Modeling Urban Walking Risk Using Spatial-Temporal Machine Learning

Contents

After dinner in downtown San Francisco, I said goodbye to friends and pulled out my phone to figure out how to get home. It was close to 11:30 pm, and Uber estimates were unusually long. I opened Google Maps and looked at walking directions instead. The routes were similar in distance, but I hesitated — not because of how long the walk would take, but because I wasn’t sure how different parts of the route would feel at that time of night. Google Maps could tell me the fastest way home, but it couldn’t help answer the question I was actually asking: how can I filter for a route that takes me through safer blocks rather than the fastest route? Photo by Juliana Chyzhova on Unsplash Defining the Problem Statement Getting the Data + Pre-Processing Fetching the Raw Dataset Categorizing Incidents Reported Geospatial Representation Temporal Representation Final Feature Representation Training the Model Using XGBoost Why XGBoost?Modeling Expected Risk What is Tweedie Regression?Why This Matters?Framing the Outcome Final Steps + Deployments Putting StreetSense To Use!Final Thoughts and Potential Improvements Data Sources & Licensing Acknowledgement & References My socials

Defining the Problem Statement

Given a starting location, ending location, day of the week, and time how can we predict the expected risk on the given walking route? For example, if I want to walk from the Ferry Building to Lower Nob Hill, Google Maps shows me the following route(s):

**Google Maps — walking route from Chinatown to Market & South Van Ness.** Screenshot by author from Google Maps.

At a high level, the problem I wanted to solve was this: given a starting location, ending location, time of day, and day of week, how can we estimate the expected risk along a walking route?

For example, if I want to walk from Chinatown to Market & Van Ness, Google Maps presents a couple route options, all taking roughly 40 minutes. While it’s useful to compare distance and duration, it doesn’t help answer a more contextual question: which parts of these routes tend to look different depending on the time I’m making the walk? How does the same route compare at 9 am on a Tuesday versus 11 pm on a Saturday?

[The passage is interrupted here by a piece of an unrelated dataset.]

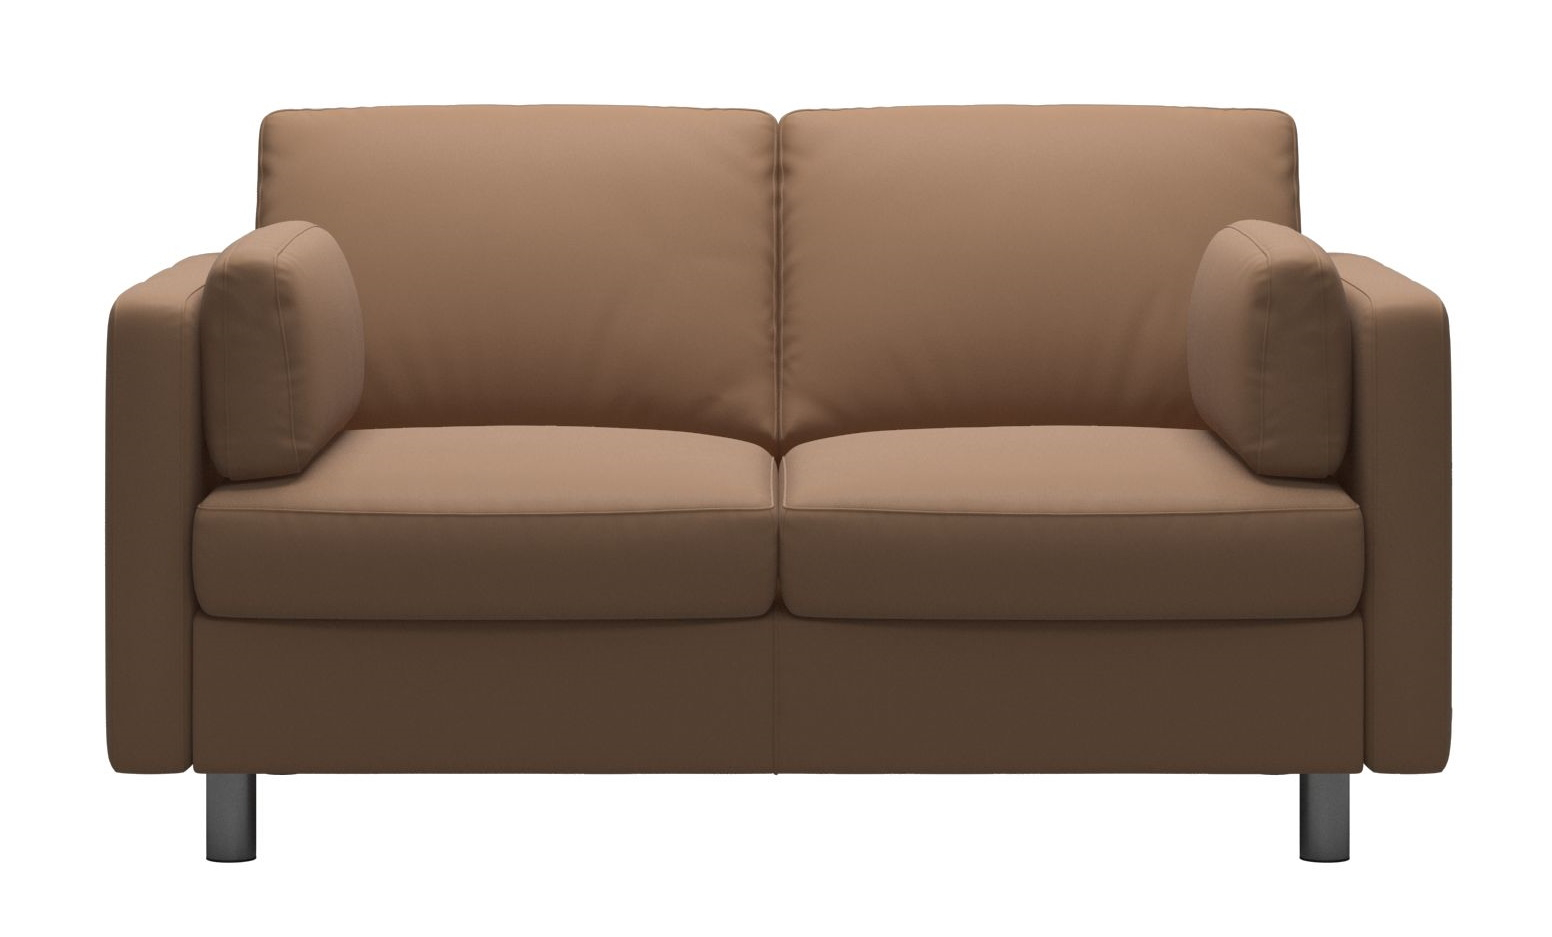 Canapea cu 2 locuri Stressless Emma E600 Classic picioare metalice 11cm piele Batik Latte

As walks get longer — or pass through areas with very different historical activity patterns — these questions become harder to answer intuitively. While San Francisco is not uniquely unsafe compared to other major cities, public safety is still a meaningful consideration, especially when walking through unfamiliar areas or at unfamiliar times. My goal was to build a tool for locals and visitors alike that adds context to these decisions — using historical data and machine learning to surface how risk varies across space and time, without reducing the city to simplistic labels.

Getting the Data + Pre-Processing

Fetching the Raw Dataset

The San Francisco City and County Departments publish police incident reports daily through the San Francisco Open Data portal. The dataset spans from January 1, 2018 to the present and includes structured information such as incident category, subcategory, description, time, and location (latitude and longitude).

Provides a snapshot on how to query the San Francisco Open Data Database. — **Filtered incident records from the San Francisco Open Data Portal**. Screenshot by author using data from data.sfgov.org.

Categorizing Incidents Reported

One immediate challenge with this data is that not all incidents represent the same level or type of risk. Treating all reports equally would blur meaningful differences — for example, a minor vandalism report should not be weighted the same as a violent incident. To address this, I first extracted all unique combinations of incident category, subcategory, and description, which resulted in a little over 800 distinct incident triplets.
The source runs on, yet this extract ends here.